Designing a Hadoop MapReduce Performance Model using Micro Benchmarking Approach

Proceedings of The 2nd International Conference on Innovation in Computer Science and Artificial Intelligence

Year: 2019

DOI:

[Fulltext PDF]

Designing a Hadoop MapReduce Performance Model using Micro Benchmarking Approach

Manal Alalawi and Herbert Daly

 

ABSTRACT: 

Hadoop MapReduce platforms are currently used at an extensive rate to deal with complex data analysis of large size data sets. In MapReduce environments, parallel and distributed processing of big data is done with high energy requirements. Many of the contemporary organisations are looking to reduce the energy requirements of Hadoop MapReduce by maintaining the same performance levels.
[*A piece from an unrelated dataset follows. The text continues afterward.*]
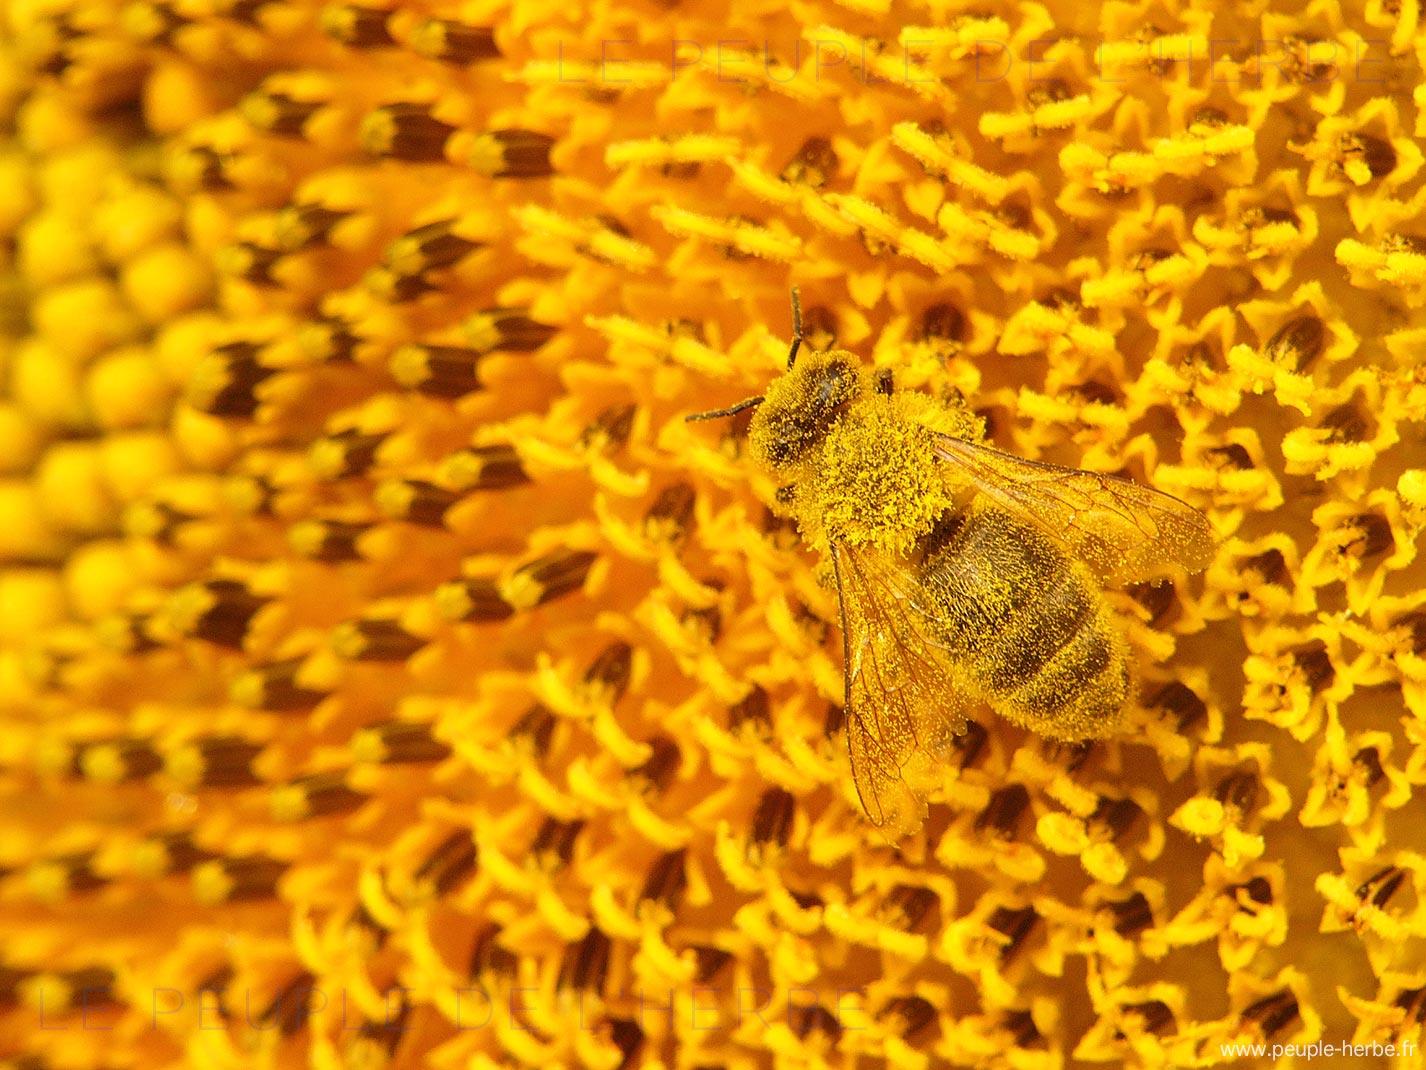 Abeille domestique recouverte de pollen
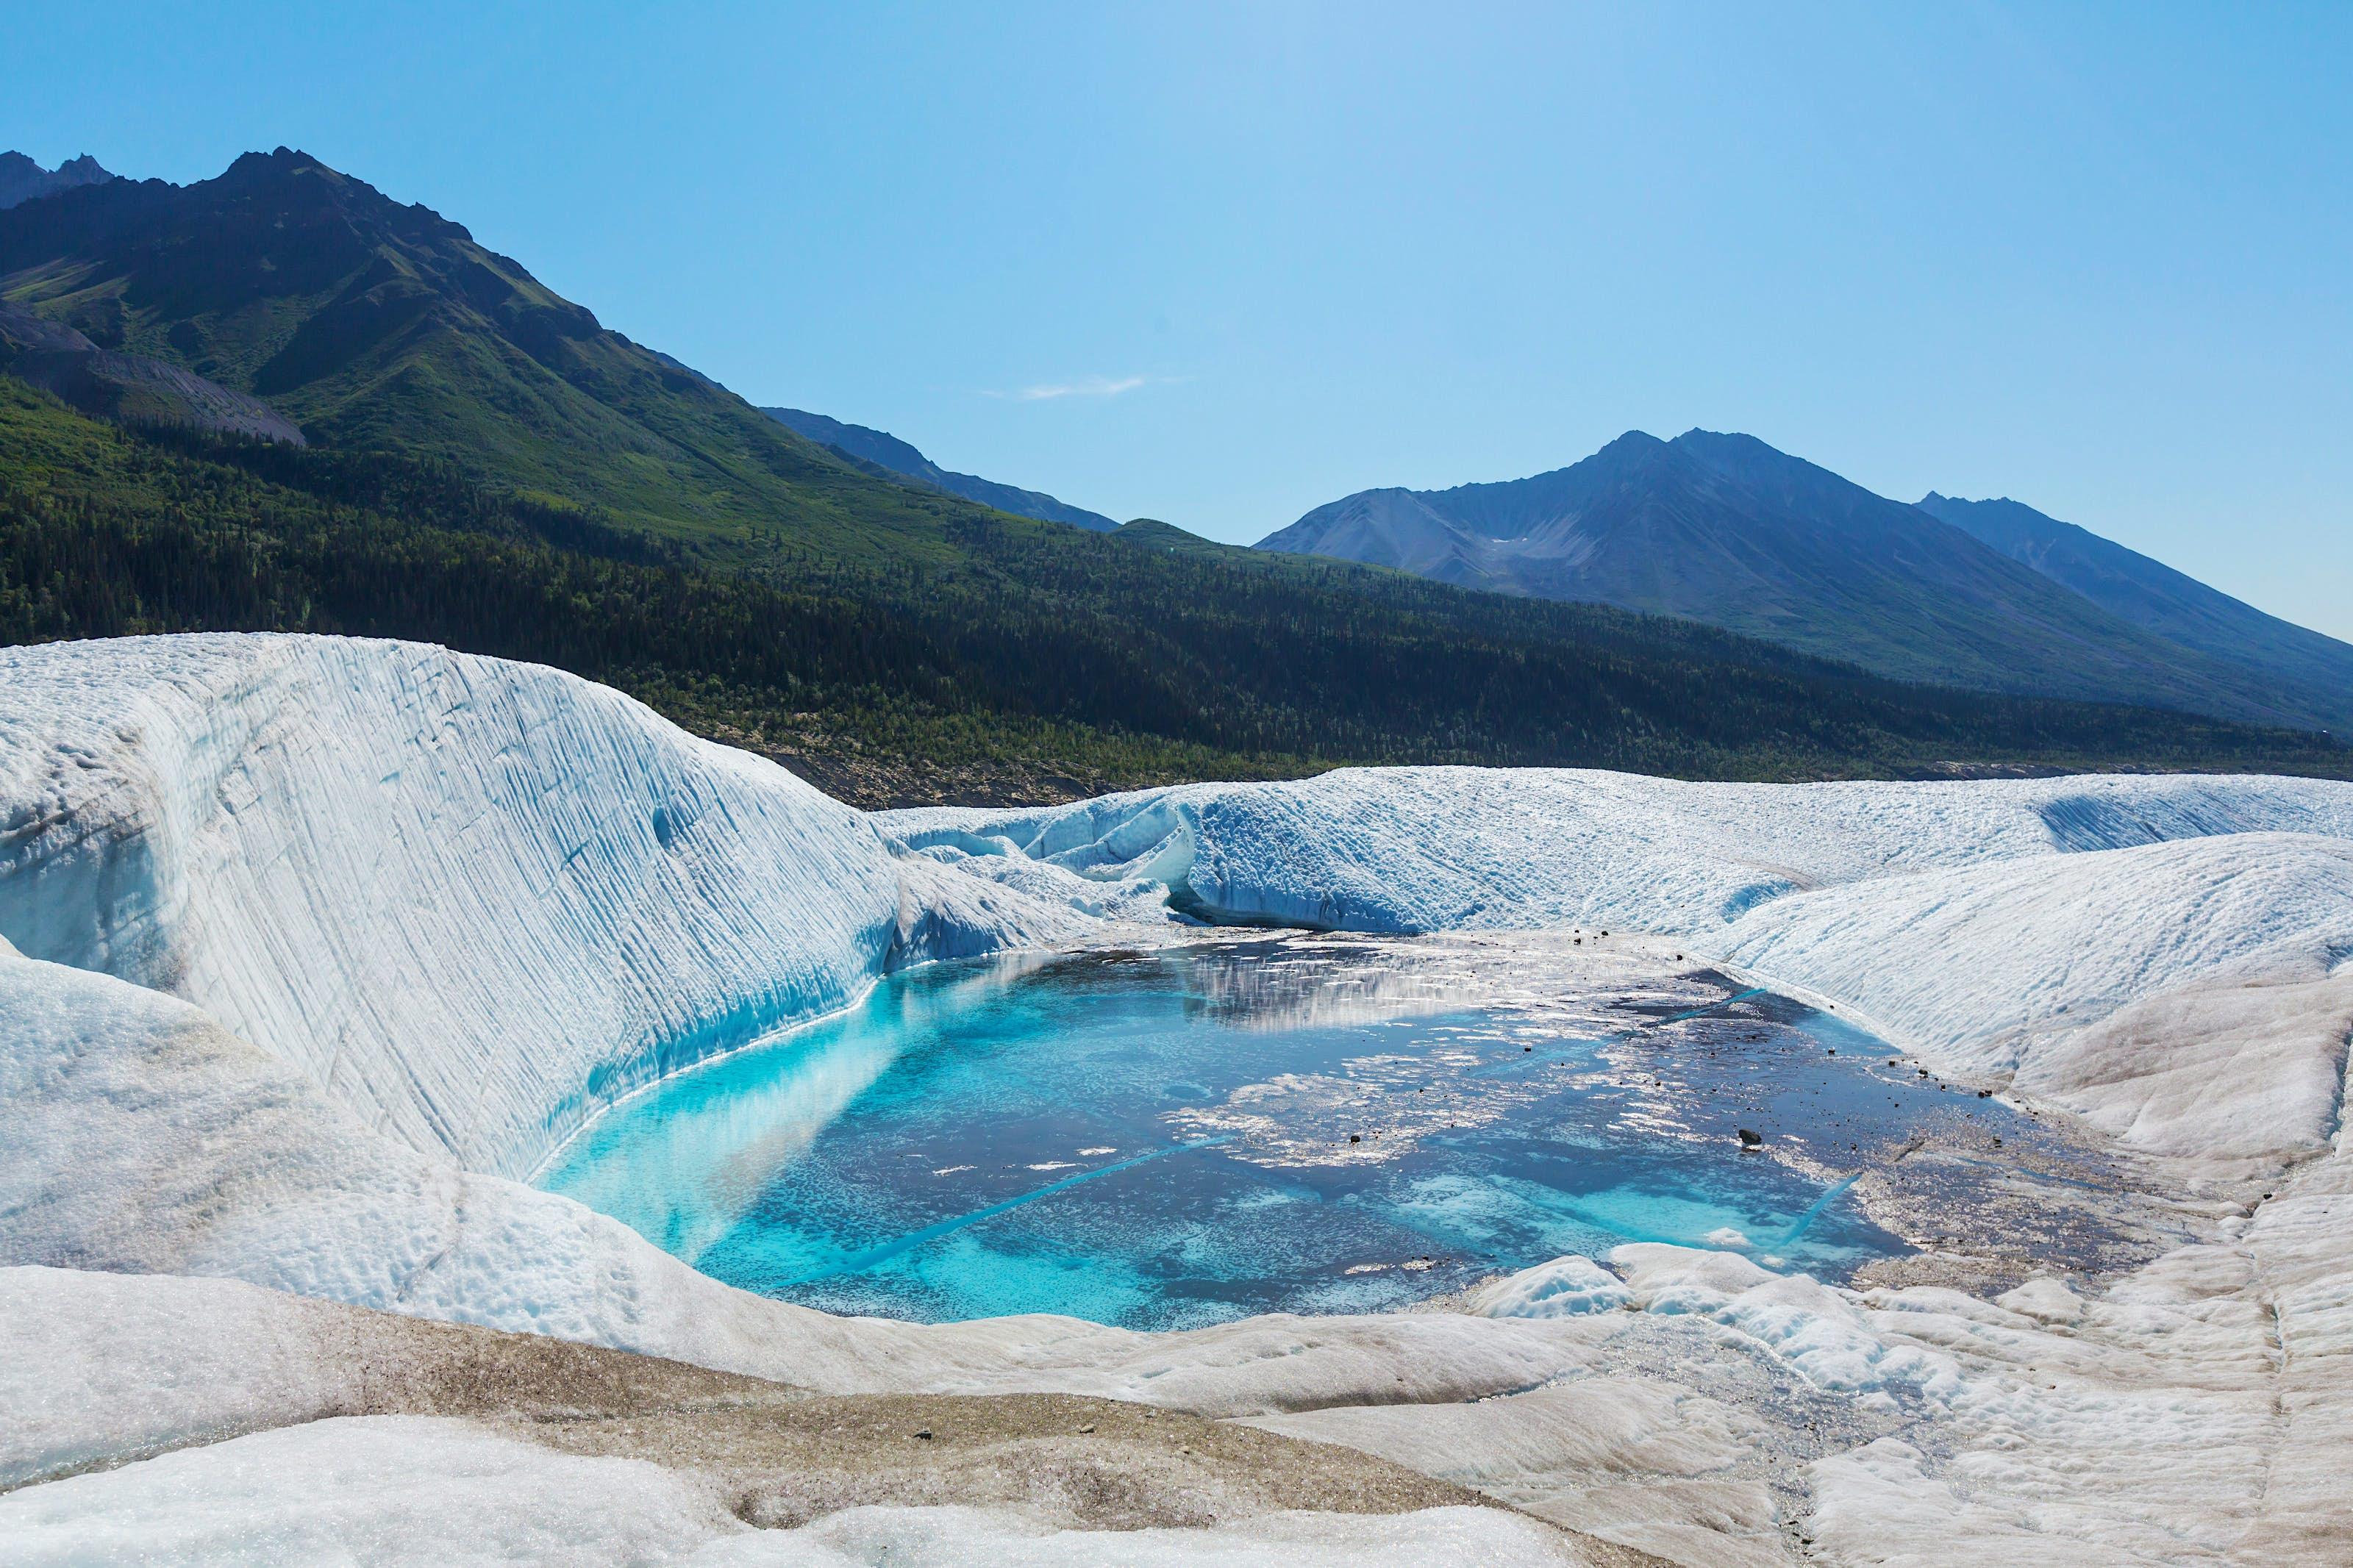 Vivid blue lake contrasting against the glacial ice of Alaska's Wrangell-St. Elias National Park

In this paper a platform performance model is proposed specifically for Hadoop MapReduce environments in order to improve the energy efficiency of these applications in automatic manner. Unlike the existing performance models, the proposed performance model related the different number of processed data and durations of executed phases that are accomplished through collected measurements from executed sets of micro benchmarking. The resource distribution strategy of this performance model helps to estimate the job completion time on the basis of resource distribution. Mathematical modelling and experiments showed the accuracy of this performance model is improving the energy efficiency of Hadoop MapReduce environments.

Keywords: Hadoop, MapReduce, energy efficiency, performance model, MapReduce phases.